# pond advice????



## taylorswalker (Oct 15, 2010)

I have a 3 acre spot of property that I want to have a pond dug on I was gonna stock mud minnows in it for the first year before interducing other fish to the pond any saggestion on what to do on managing a pond and spiecies I should stock it with?
_Posted via Mobile Device_


----------



## vandestd (Aug 31, 2007)

I have a 1.5 acre pond thats 15 feet deep currently there are bass, gills, catfish, and a few perch. They seem to do really well together.


----------



## taylorswalker (Oct 15, 2010)

I had a guy tell me to let the minnows sit for a year so they get at least two generation of minnows est before other fish got interduced
_Posted via Mobile Device_


----------



## vandestd (Aug 31, 2007)

Yes that's good advice that way there is a good food base when you stock it with other fish.


----------



## slowpoke (Jan 30, 2001)

I didn't want to wait a year or 2 before adding my Bass and gills so I added 5 gal. of fathead minnows at the same time I added the Bass and gills. It worked out for me. OH-- I added a couple more gallons of fathead the next year just in case.


----------



## rieverr (Dec 7, 2010)

I did gills the first year and walleyes the 2nd
Theres so many frog n taddpolls bugs never had any problems and its about 3 acre


----------



## Mark Turner (Dec 24, 2004)

Don't forget to add some cover and spawning media for the minnows. Fatheads will love some old wood pallets and christmas trees.


----------



## taylorswalker (Oct 15, 2010)

Is there anything u would think bout using for cover or plants in the pond?
_Posted via Mobile Device_


----------



## slowpoke (Jan 30, 2001)

taylorswalker said:


> Is there anything u would think bout using for cover or plants in the pond?
> _Posted via Mobile Device_


I made 22 different small brush piles at different depths. I use 22 5 gal. pails, drove re-rod through the bottom to hold them in place, added some branches ( big as your wrist, small as your thumb, 2 to 5' sticking out of the pail ) used the hard wood that was growing around the pond site, then put in 1 60# bag of ready mix to hold everything in place. Tight lines.


----------



## hypox (Jan 23, 2000)

What are your goals in having a pond?


----------



## taylorswalker (Oct 15, 2010)

Well we don't have to go off the farm for anything but pizza rolls lol but I just want another food source for the fam. And a place for the ducks to play. Sumthin the kids can fish in and catch sum nice pan friers
_Posted via Mobile Device_


----------



## slowpoke (Jan 30, 2001)

taylorswalker said:


> well we don't have to go off the farm for anything but pizza rolls lol but i just want another food source for the fam. And a place for the ducks to play. Sumthin the kids can fish in and catch sum nice pan friers
> _posted via mobile device_


----------



## justjiggin (Dec 11, 2007)

I tossed around 4 dozen shiners in 2 yrs ago and they took off excellent. Then this last spring I added 40 Crappie they also seem to be doing well. Next spring it will be perch and more shiners.


----------



## slowpoke (Jan 30, 2001)

justjiggin said:


> I tossed around 4 dozen shiners in 2 yrs ago and they took off excellent. Then this last spring I added 40 Crappie they also seem to be doing well. Next spring it will be perch and more shiners.

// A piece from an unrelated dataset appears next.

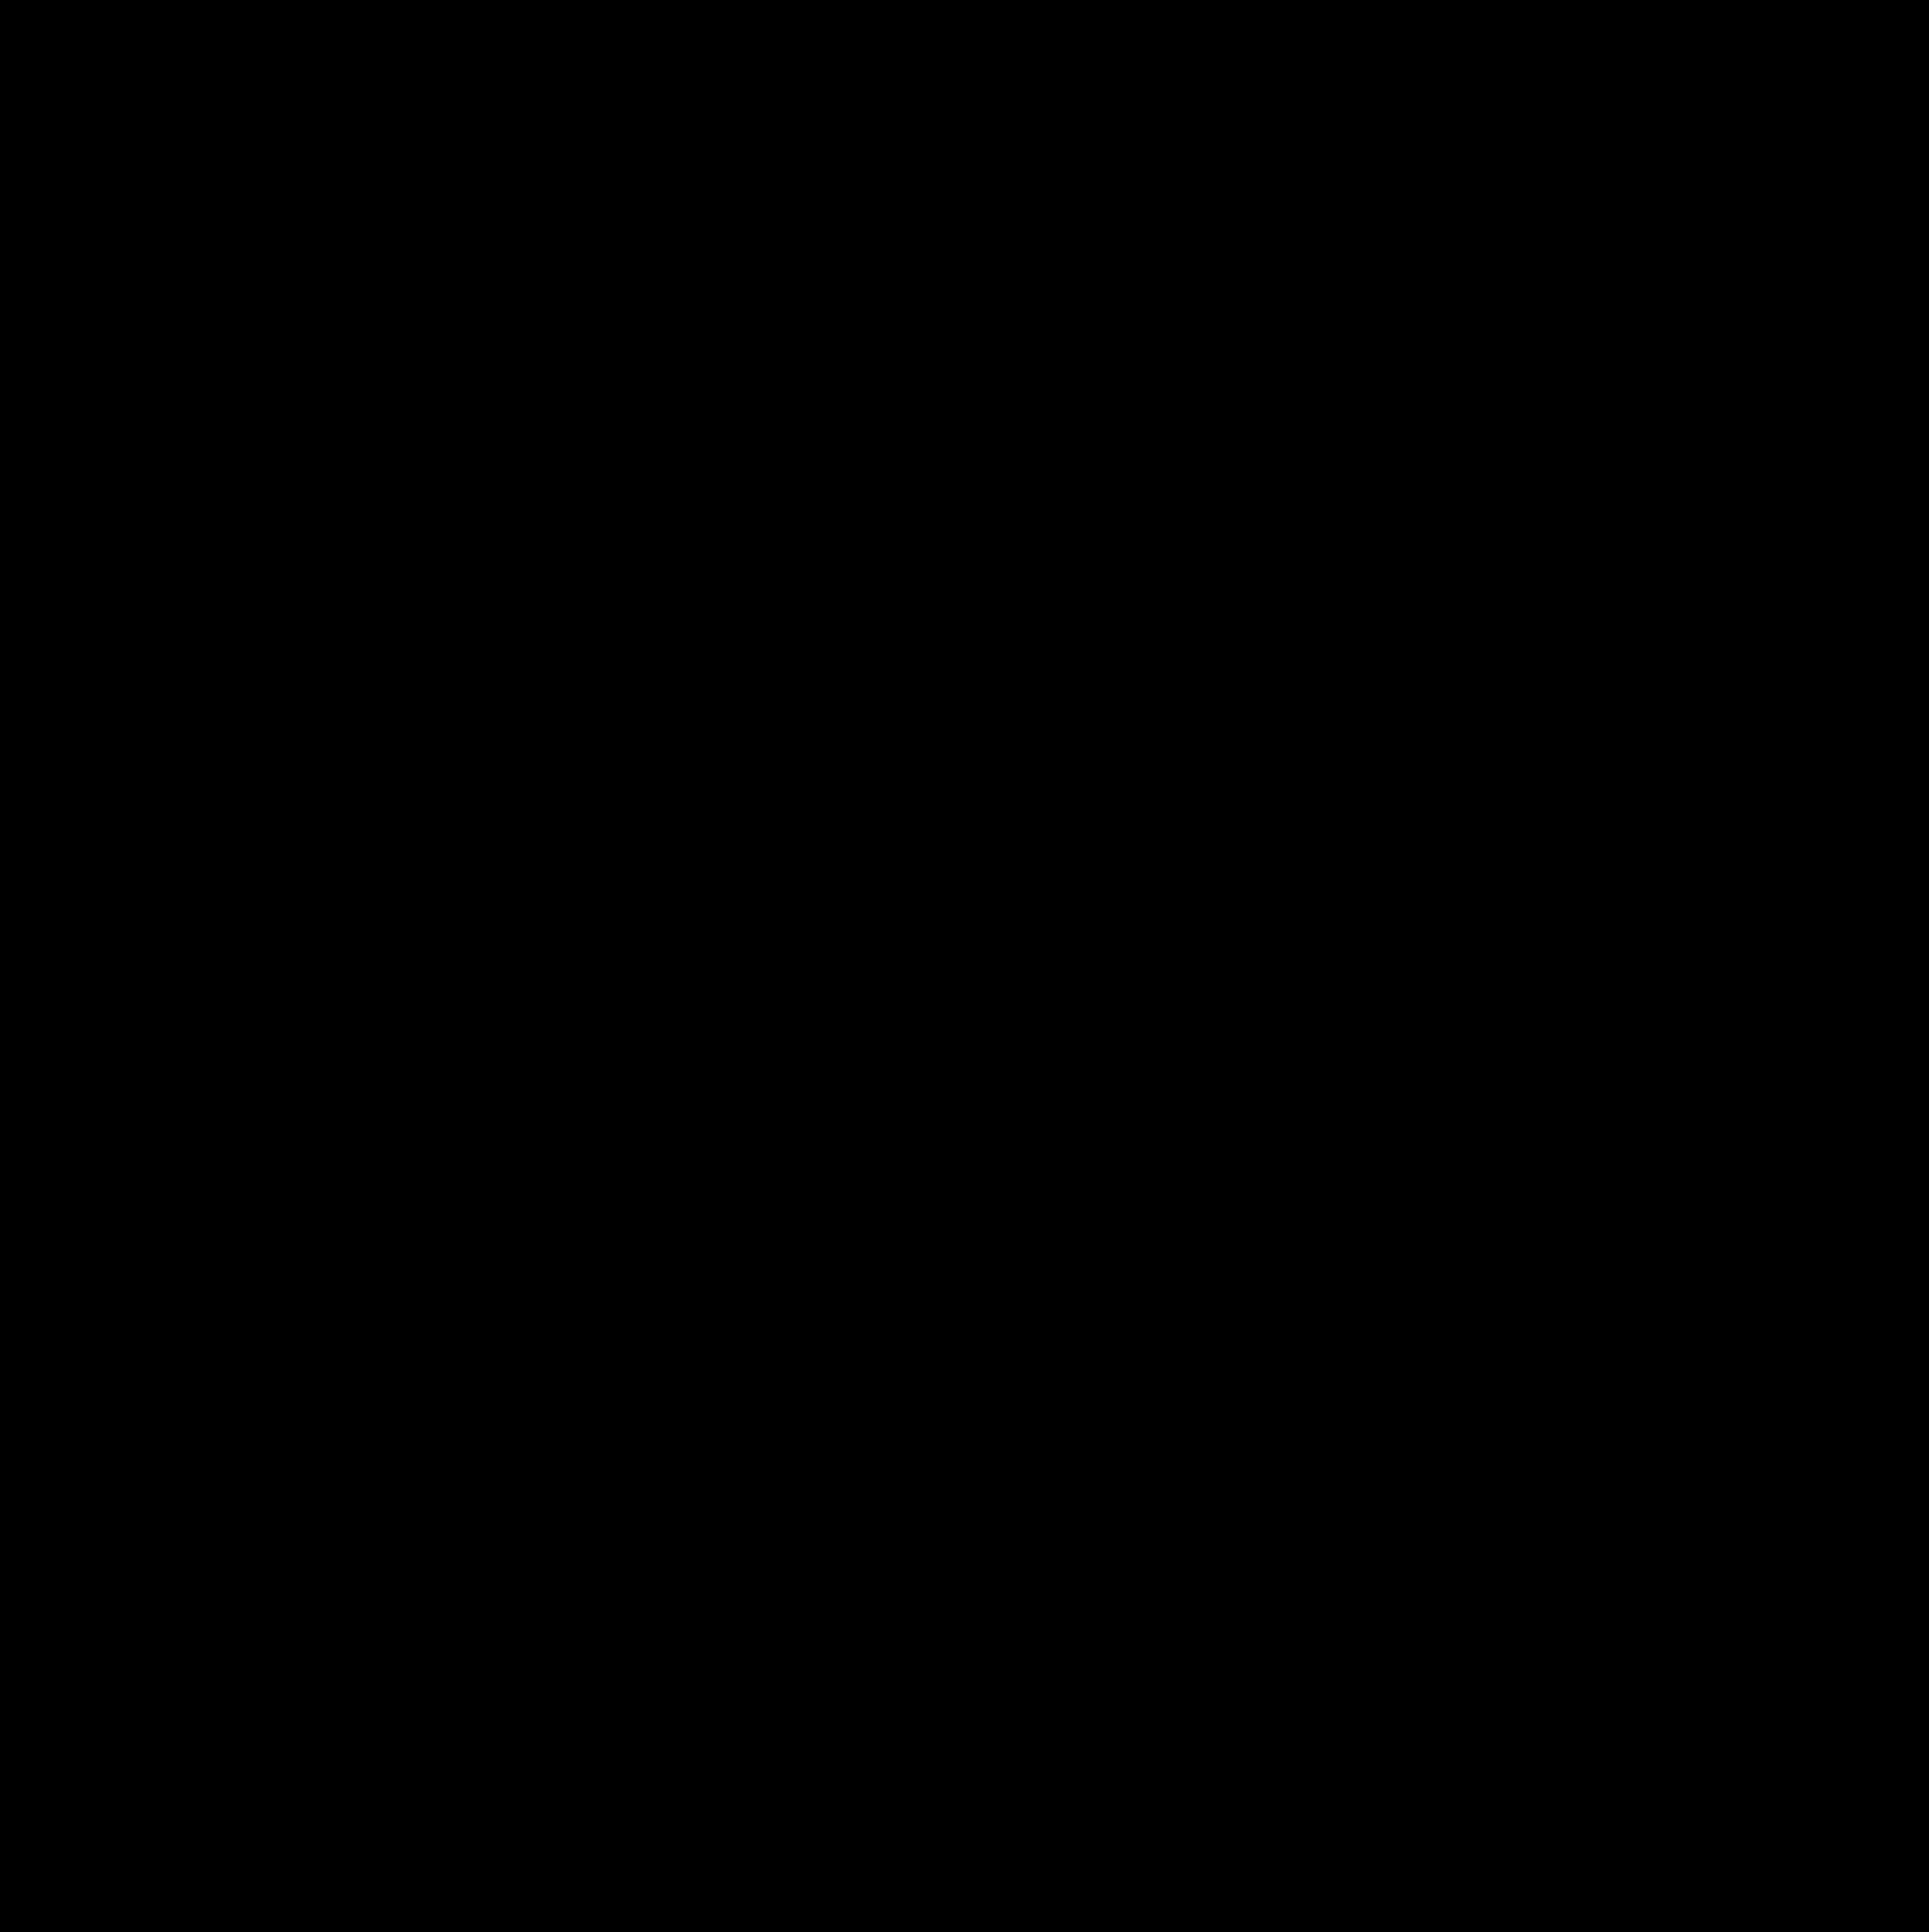 lancewood-ray-marfil-blanco-3
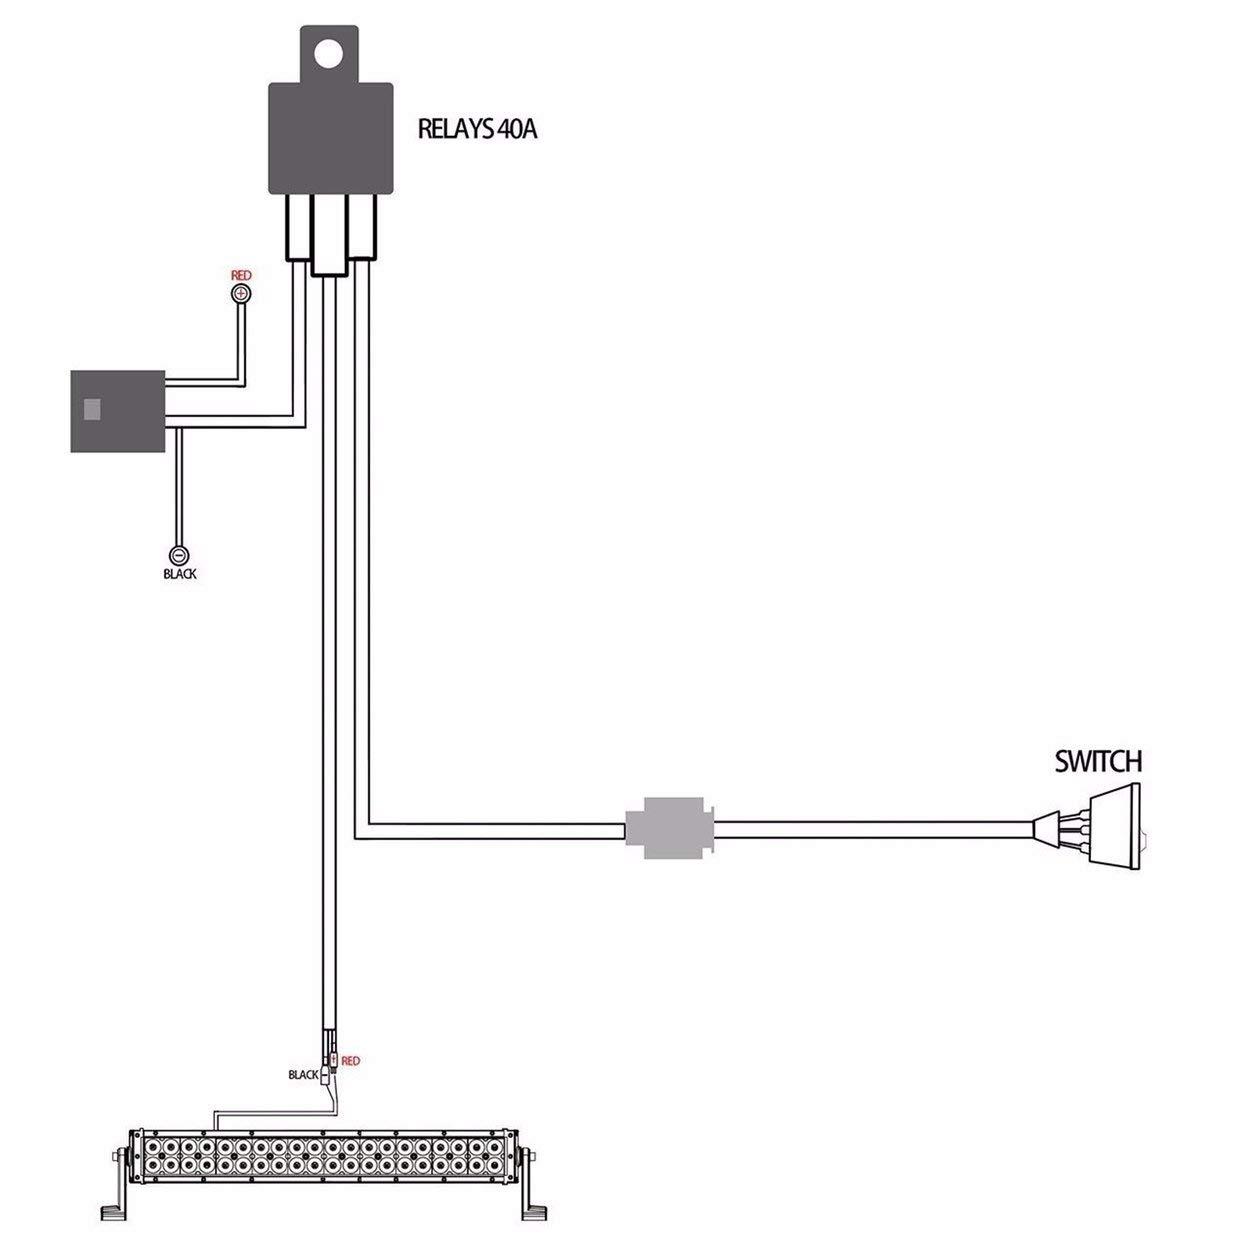 Lorenlli Telar del kit del arn/és de cableado de la luz antiniebla universal 12V 40A para trabajo HID Barra de luces de conducci/ón con fusible e interruptor de rel/é

Don't put shiners in you pond. There is only so much food in your pond for the fish to eat. Some shiners might get away from the game fish and grow to a large enough size so the game fish you want can't eat them. The large shiners then start eating the same food that your game fish is eating. I was told to just add fathead minnows, they don't get larger they 3" + after the water temperature get's 55% or warmer they have another batch every 28 days or so. There is a minnow farm near Lapeer where you can buy them buy the pound. Tight lines.


----------



## Rencoho (Oct 18, 2000)

Slowpoke, thats the same advice I was given when stocking my pond. I dont even use fatheads anymore, the bluegill fry seem to be enough for my bass. But I also give my fish pellets during warm weather months.


----------



## naterpM-37 (Jan 18, 2008)

Good base of food and structure and any pond will do fine. Mine is now just down to bluegills due to pond size and depth. We had bass and perch for a few years. Seems for bluegills and bass a lot of shallow cover is important such as brush and rocks. We had one smallmouth get to around 25 inches and have multiple bluegills at 10+. Best advice, flatheads and structure. Shiners will become large 5+ inches, and no good for a pond. Crappie are ok if you want to eat them on a regular basis but could overrun a pond. They eat everything and spawn in large numbers. Friends pond now has hundreds upon hundreds of specks, stunting everything else and the pond is around 5 ac. Good luck! Wonderful way to spend a day making the best spot to fish.


----------



## taylorswalker (Oct 15, 2010)

Yea we are startin diggin this spring can't wait
_Posted via Mobile Device_


----------



## rieverr (Dec 7, 2010)

Ur flathead minnows will come if u plant them or not.. ur ducks and wet birds will bring in the eggs from other places


----------



## taylorswalker (Oct 15, 2010)

What do u guys think about catfish or bullhead being interduced
_Posted via Mobile Device_


----------



## basshunter125 (Mar 31, 2011)

taylorswalker said:


> What do u guys think about catfish or bullhead being interduced
> _Posted via Mobile Device_


Better be deep and sink some logs for habitat. My grandma has a huge 50ftx60ft pond thats 25 feet deep with a 100ft long river 15ft wide thats 15ft deep. We thought about stocking it but never got around to it


=BASS


----------